Guests are invited to The Hidden Museum who together form a network that allows the hidden museum to take on different faces. Currently, a number of aspects are important for the creation of the different parts of the museum:
-How can the buildings made available by the guests, sheds, storage places, chicken coops, broom closets, as much as possible use the disorienting principle whereby you never enter the building directly, but always with a detour, always from the side, from behind and unnoticed.
– In addition to these elements, it must be investigated how all practical matters for each location are given a specific shape in accordance with the general concept, the concept of the space and the elaboration of the artwork or artworks within it.

 

Since the various locations and manifestations of the hidden museum are central to the concept, it is important that work is done directly at different locations with different guests. This generates that every image can be questioned, so the point is to place the idea of the museum free from its physical reality. Starting with the building in Belgium. In addition, one in England and one in the Netherlands. Subsequently, small and larger ‘rooms’ all over the world, a museum library, study center and other museum functions in a new context.

The Hidden Museum 2011-2020

And then it was quiet for a moment. It had to be considered how and in what form The Hidden Museum could take a real step towards reality. An answer to this was found in 2018 when it was decided to start a cinematic project based purely on renderings of a 3D program. The quality of those renderings has grown to such an extent in recent years that it leads to a realistic photographic image.

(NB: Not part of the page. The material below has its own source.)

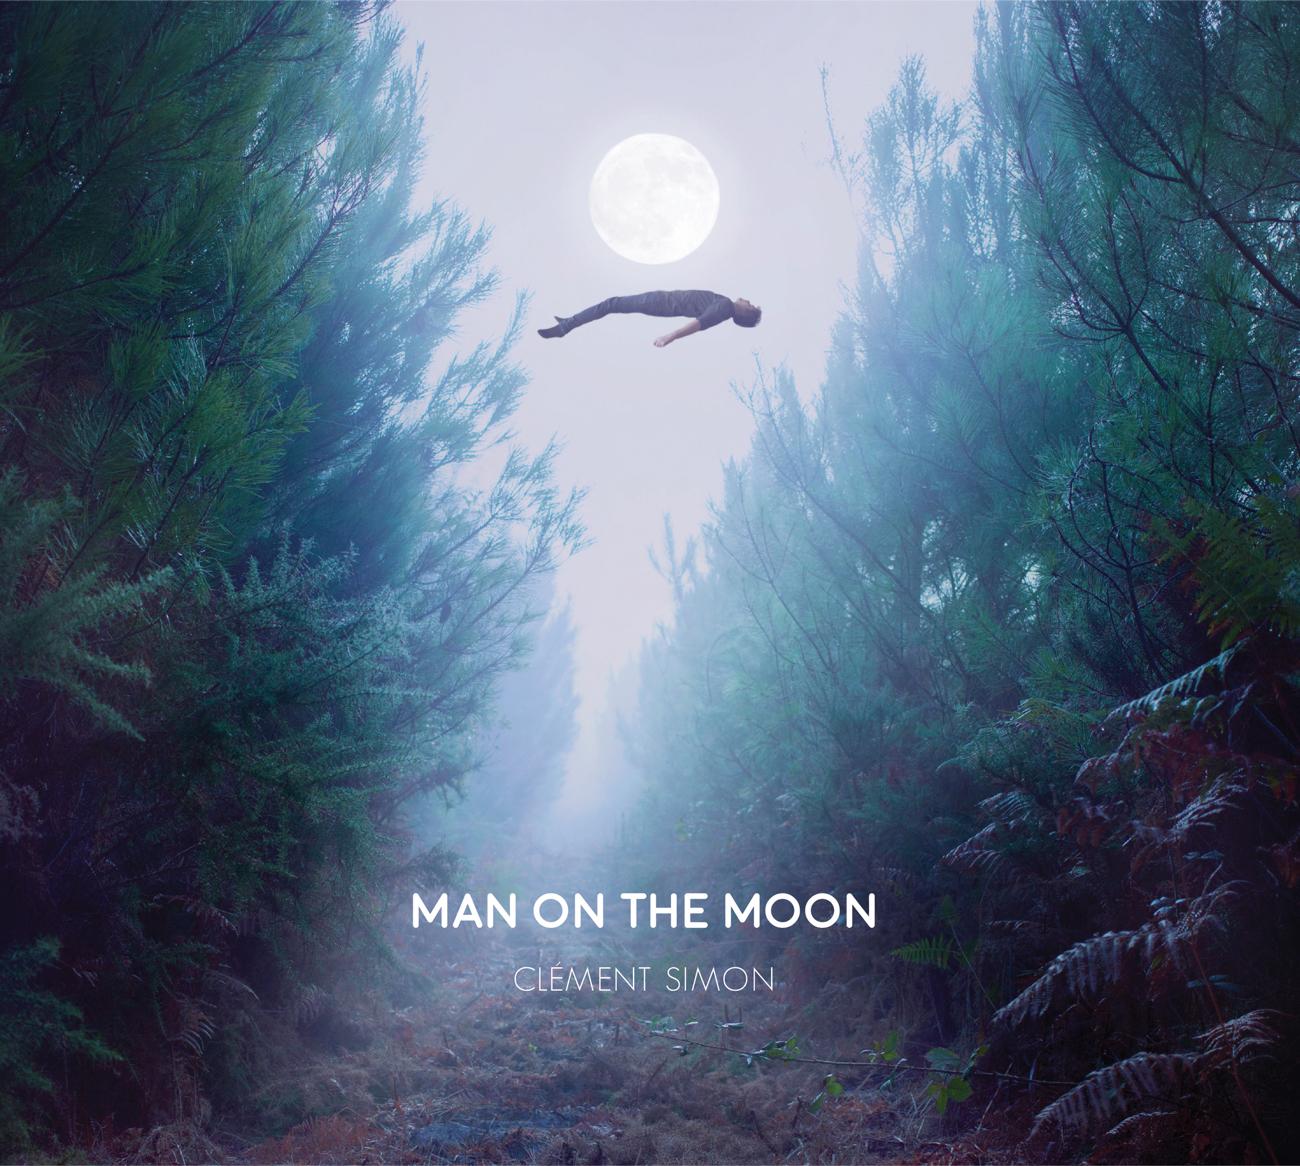 """Clément Simon   """"Man on the Moon"""" est un voyage initiatique, un décor d'ombres chinoises où se meuvent des silhouettes fantomatiques, une fresque épique où chaque composition, comme une chanson sans paroles, dessine les contours d'un rêve éveillé.   http://clementsimon.com"""

By assembling a whole mountain of these kinds of images one after the other, a film is created that, despite the fact that nothing exists, still comes across as very realistic.

Just one step further was the development of an actual Virtual Reality experience. Only then The Hidden Museum will really exist. Also there The Hidden Museum aimed for a complete and utterly realistic view. A spectator can now walk around more or less freely. A first version is currently being shown for five years in the Oude Kerk in Amsterdam and will remain there at least until 2023.
A second version was then started and starts to have a life of its own.
A third version will hopefully be on the market at the end of 2020.
An app will also be launched in which the visitor can visit The Hidden Museum at home with simple 3D glasses and a smart phone and even subscribe to it.

In this way, The Hidden Museum can attract a mass of visitors all over the world without relying on existing, often conservative organizations or museums that think that only an actual presence at a work of art justifies a museum.